12/3/2021 Running Iphone App On Mac
A Bloomberg report late last year said that one of the highlights of iOS 12 and iOS 10.14 might be a new way for developers to design apps. Specifically, apps created for iPhone or iPad would work on Mac and vice versa. That only sounds exciting if you’re rocking both an iPhone/iPad and a Mac. Sadly, it looks like the cross-platform app support feature isn’t ready for a 2018 reveal, and it’ll be pushed back to 2019.
For a very small set of niche cases, Simulator is the best option for running an iOS app on a Mac. The problem is that it needs to be your app - in the sense that you developed it or at. Running a Mac from an iPad or iPhone with Remote Control for Mac By John Voorhees Evgeny Cherpak’s iOS app, Remote Control for Mac, has been updated with Siri shortcut support, which opens up some interesting ways to control a Mac with shortcuts. I have purchased apps on my iPhone but cannot find them under my Mac Air app store. I know some subscriptions are interchangeable straight to the macbook, but I am not seeing games like crossword. I also understand that they run on the iphone and ipad. That isn't what I'm looking for.
The news comes from Apple enthusiast John Gruber who learned from well-informed “birdies” that the Marzipan project is real, even though that might not be its actual name:
There is indeed an active cross-platform UI project at Apple for iOS and MacOS. It may have been codenamed “Marzipan” at one point, but if so only in its earliest days. My various little birdies only know of the project under a different name, which hasn’t leaked publicly yet. There are people at Apple who know about this project who first heard the name “Marzipan” when Gurman’s story was published.
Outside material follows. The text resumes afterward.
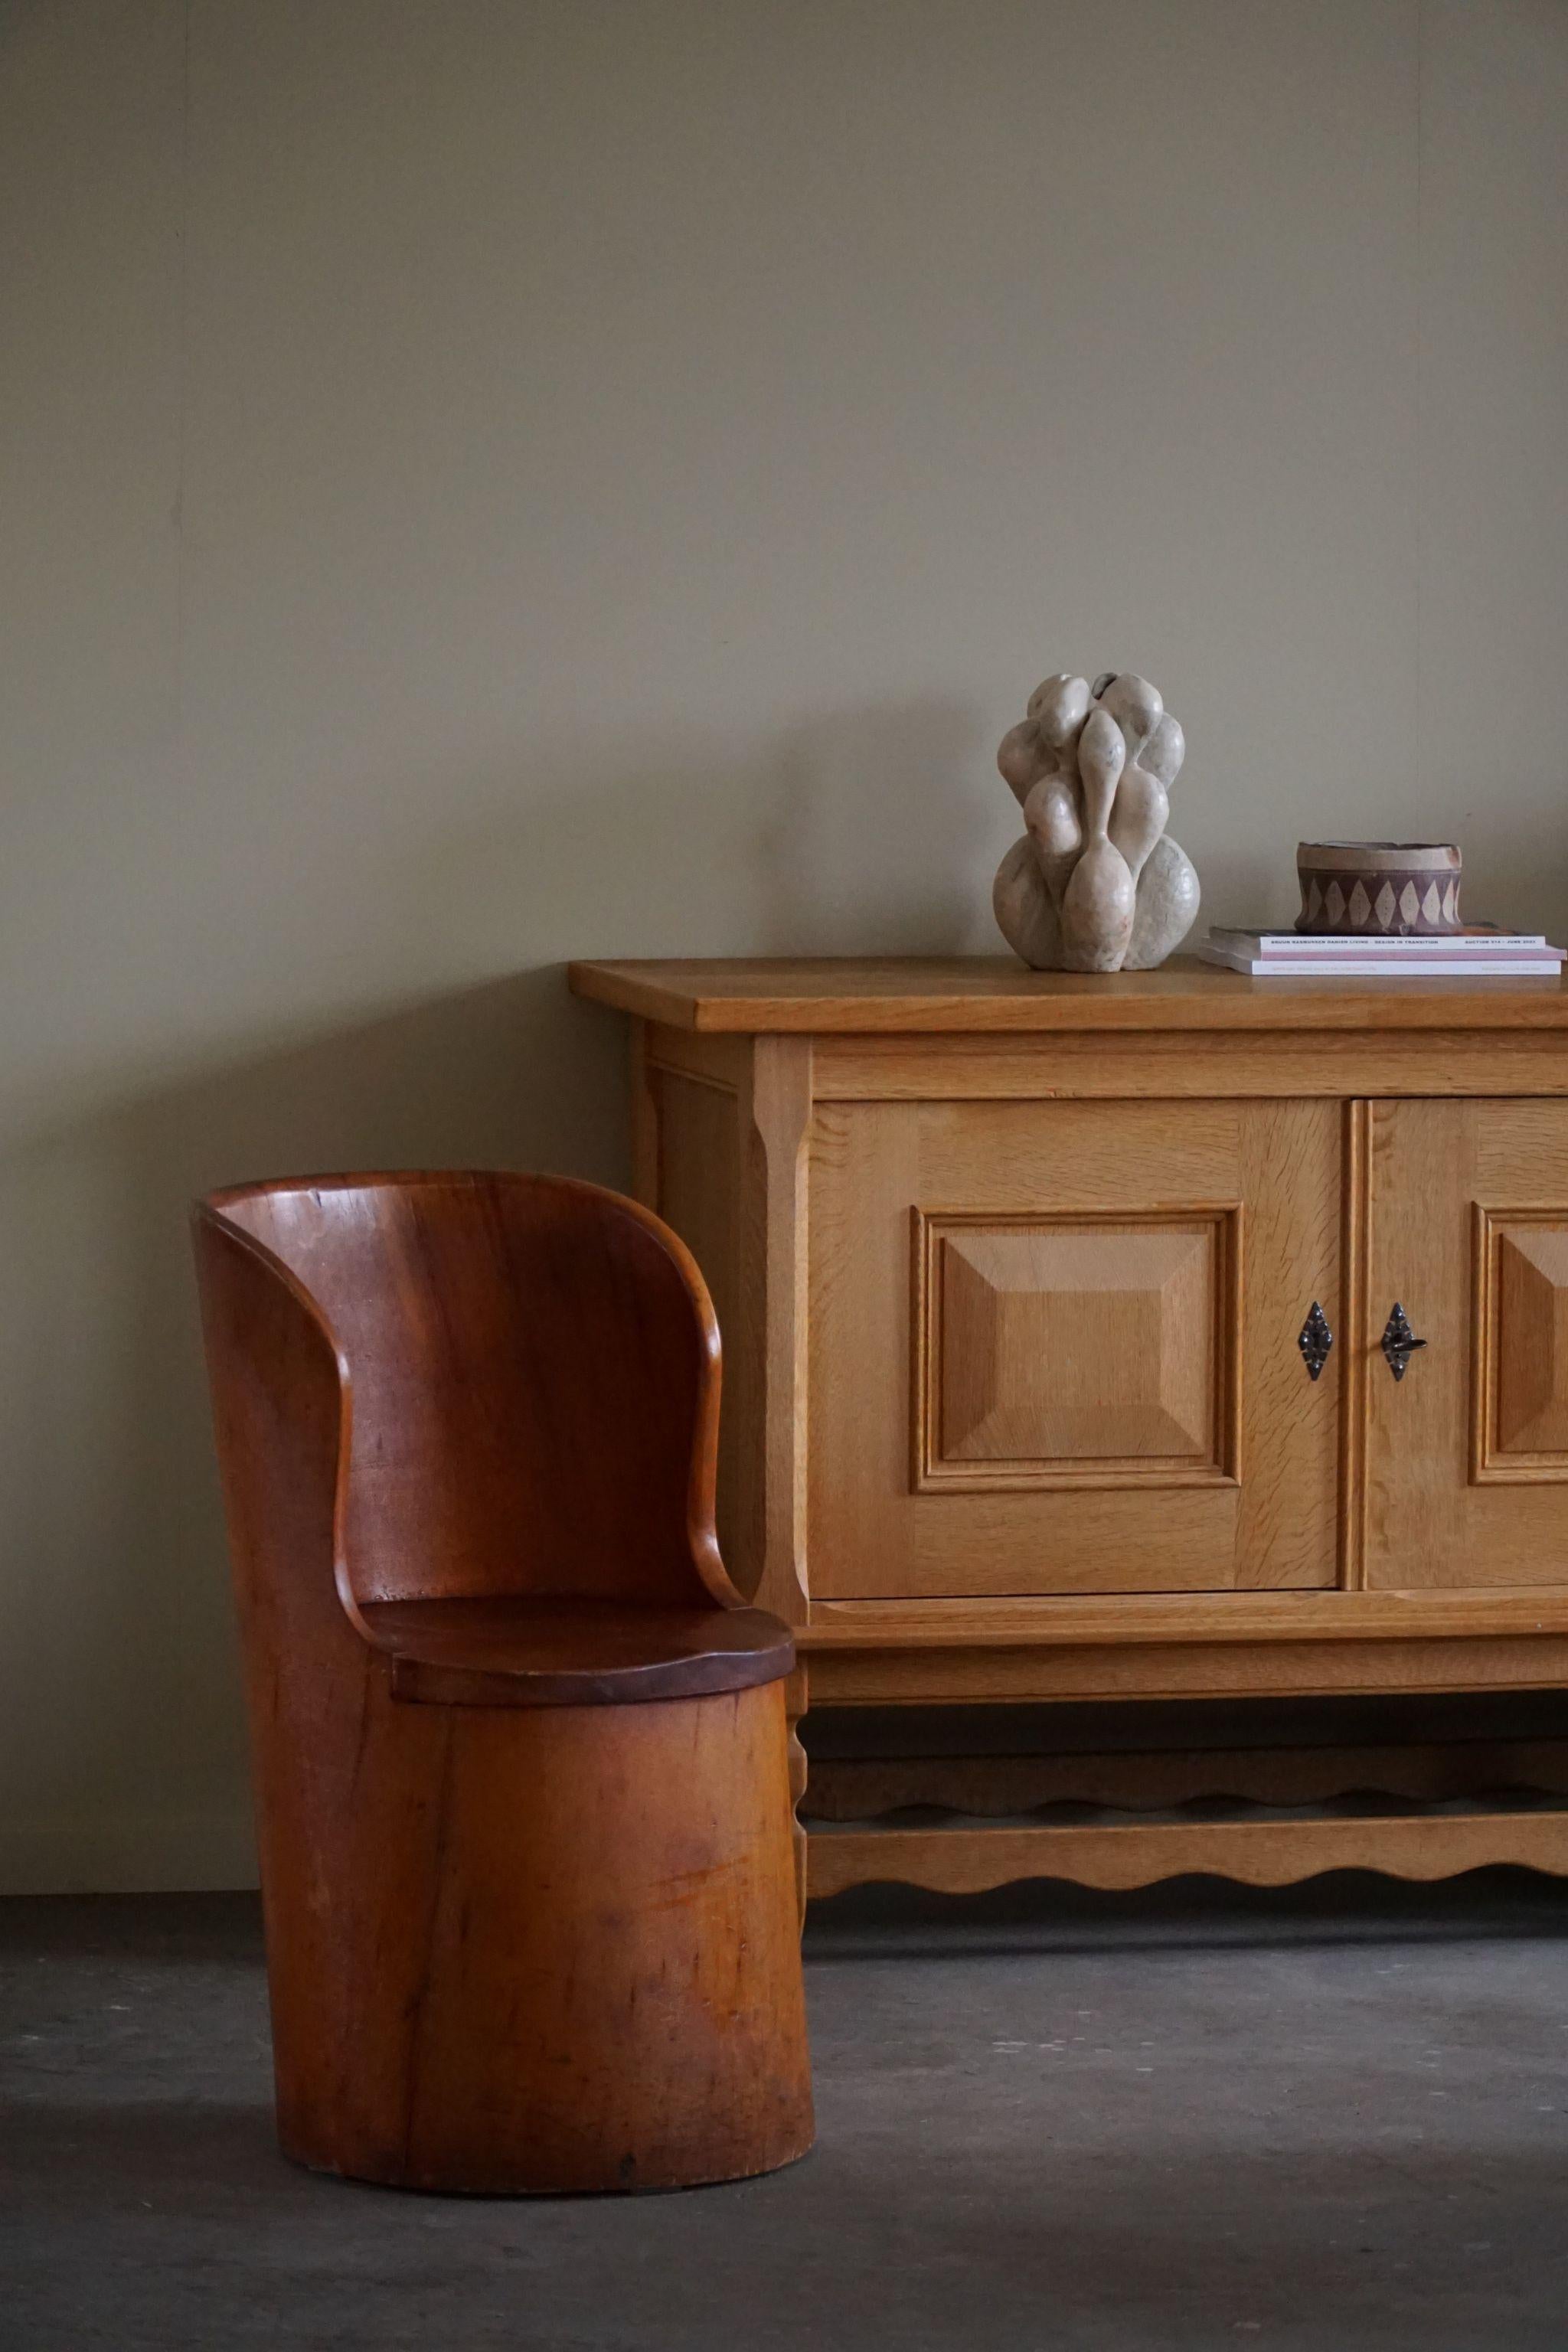 Ein charmanter primitiver Stumpfstuhl aus massivem Kiefernholz. Handgeschnitzt von einem unbekannten schwedischen Tischler in den 1960er Jahren. Ein schönes Wabi-Sabi-Stück für die moderne Einrichtung.

Dieser ansprechende Stuhl passt in viele

Gruber also has a few details on how this cross-platform app support would work, although he still doesn’t have a clear picture of it:
Running Iphone App On Mac Ios
I don’t have extensive details, but basically it sounds like a declarative control API. The general idea is that rather than writing classic procedural code to, say, make a button, then configure the button, then position the button inside a view, you instead declare the button and its attributes using some other form. HTML is probably the most easily understood example. In HTML you don’t procedurally create elements like paragraphs, images, and tables — you declare them with tags and attributes in markup. There’s an industry-wide trend toward declaration, perhaps best exemplified by React, that could be influencing Apple in this direction.
Running Ipad App On Mac
The blogger does say that he’s “nearly certain” Marzipan won’t make it into this year’s WWDC announcement and will be postponed for macOS 10.15 and iOS 13 in 2019.